Jeff Bezos. Photo: Spencer Platt/ Getty Images.
  • Amazon announced on Tuesday that it would raise its minimum wage for all US employees to $US15 an hour, effective November 1.
  • Analysts said Amazon had both political and economic incentives to raise wages – it’s responding to pressure from politicians and activists who have attacked Amazon and CEO Jeff Bezos over the company’s low wages, as well as making itself more attractive to workers in a tight labour market.
  • Several major retailers – including Macy’s,JCPenney, and Kohl’s – are also ramping up efforts to attract workers.

Amazon just signalled that it’s preparing for retail’s so-called war for talent.

The retailer announced on Tuesday that it would raise its minimum wage for all US employees to $US15 an hour, effective November 1.

While CEO Jeff Bezos implied in a statement about the wage hike that it was in response to recent attacks from politicians and activists over the company’s treatment of workers, analysts said there was most likely some economic motivation behind the decision.

“Amazon’s superior growth necessitates a lot of recruitment, which is becoming increasingly difficult in a tight labour market,” Neil Saunders, the managing director of GlobalData Retail, said in a note to clients on Tuesday. “This is especially so over the holiday season.”

Amazon said its new wage increase would affect not only its more than 250,000 full- and part-time employees, but the more than 100,000 seasonal staff members who work for Amazon over the holiday shopping season.

“Without a rise in wages, Amazon would be placing itself at a disadvantage in the labour market,” Saunders added.

The US retail sector is being hit by labour shortages driven by high demand for workers and low unemployment rates.

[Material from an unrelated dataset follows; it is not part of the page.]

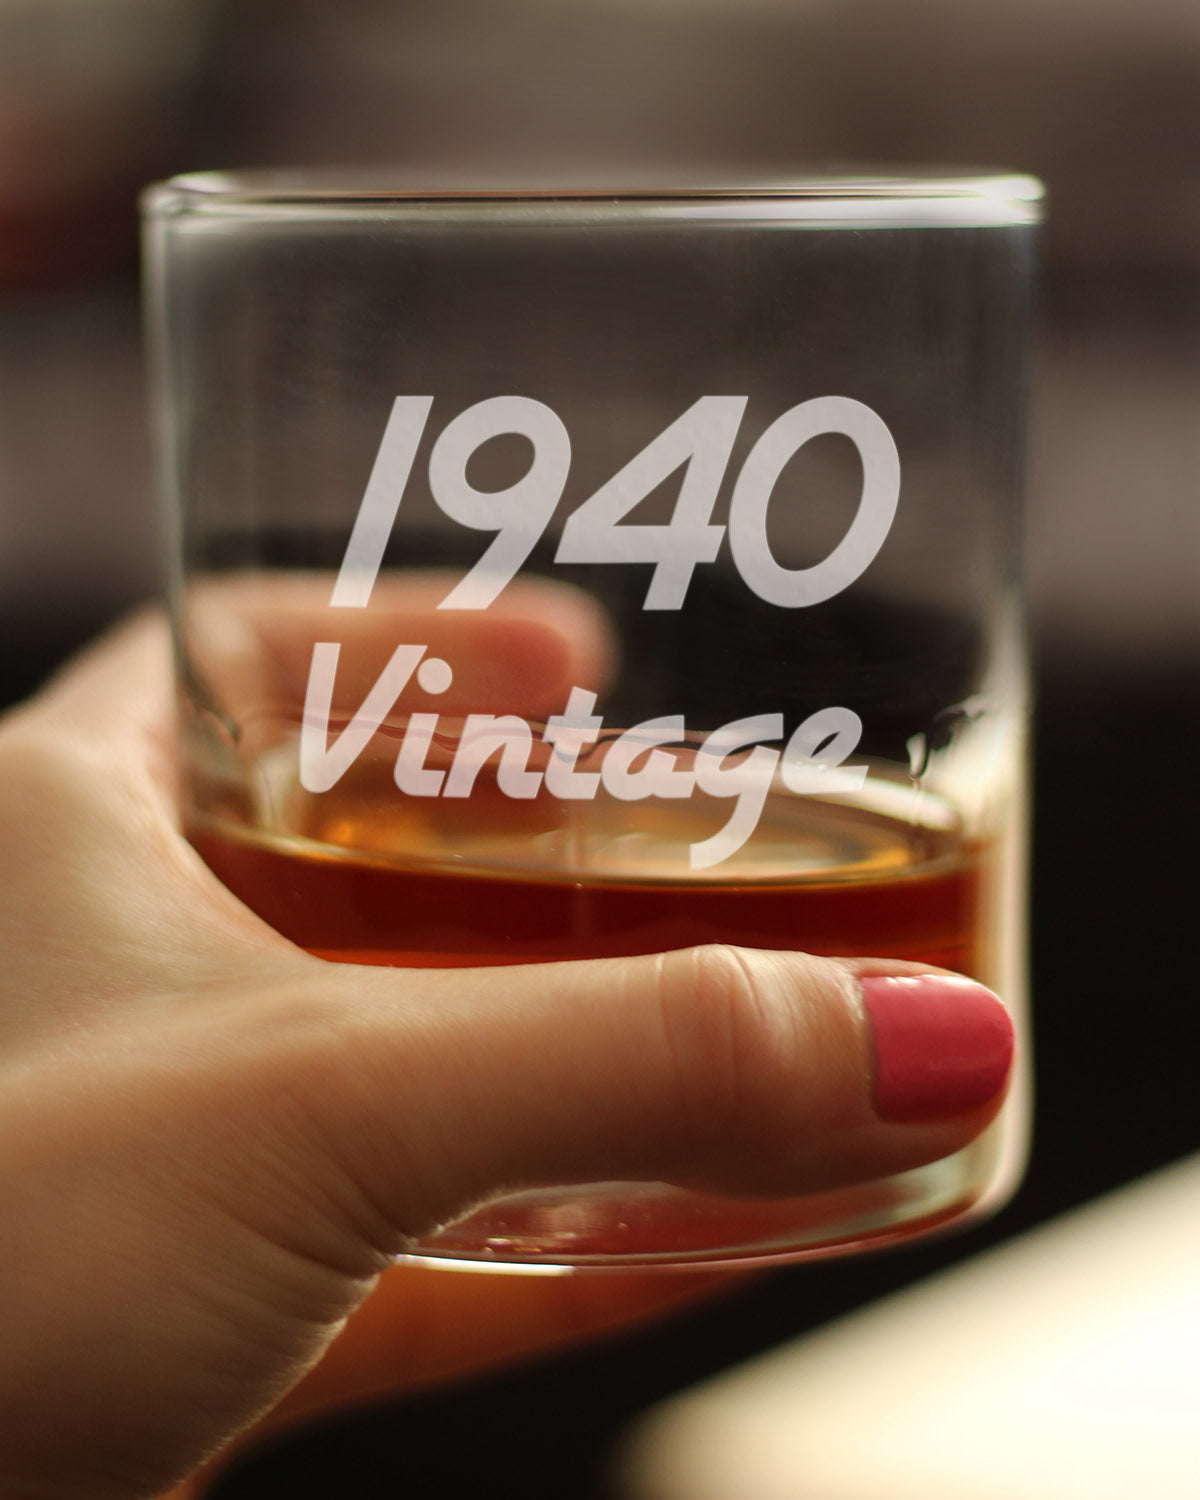 Vintage 1940 - Fun 83rd Birthday Whiskey Rocks Glass Gifts for Men &amp; Women Turning 83 - Retro Whisky Drinking Tumbler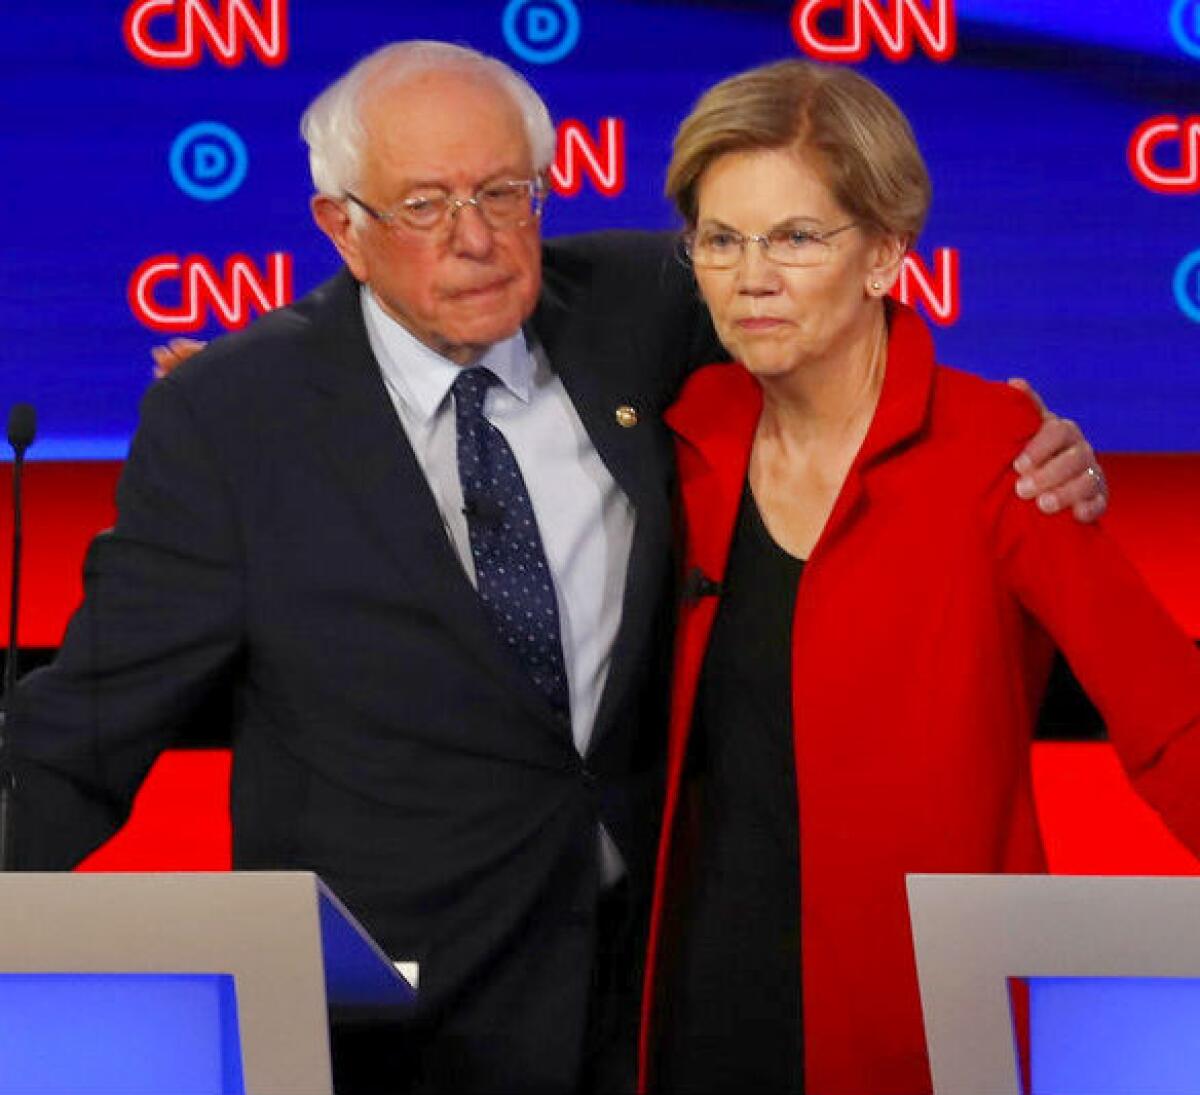 Sens. Bernie Sanders and Elizabeth Warren

According to Bureau of Labour Statistics data cited by The Wall Street Journal last month, there were 757,000 retail job openings across the US in July, about 100,000 more than a year ago. Meanwhile, the unemployment rate was 3.9% in August.

As a result, stores have been scrambling to figure out how to win over workers.

Kohl’s has announced 15% discounts and “associate shopping days” for seasonal workers. JCPenney is offering some workers paid training and paid time off, as well as making some eligible for 401(k) benefits. Macy’s, which is looking to hire 80,000 workers for this holiday season, said its part-time workers would be eligible for its “Path to Growth Incentive Plan,” which awards employees a quarterly bonus based on performance.

“With so many companies looking to hire tens of thousands of seasonal employees, employee engagement needs to be put first,” David Mallon, the chief analyst at Bersin by Deloitte Consulting, told Business Insider in September.

For Amazon, this means making a big statement to attract talent.

While the wage hike will affect Amazon’s bottom line, analysts said they thought the returns would outweigh the costs.

“Attracting, and then retaining, quality employees is critical for the ultimate success of any retailer,” Charlie O’Shea, the lead retail analyst at Moody’s, wrote in a note to clients on Tuesday morning, adding that improved worker morale ultimately leads to better service for the customer.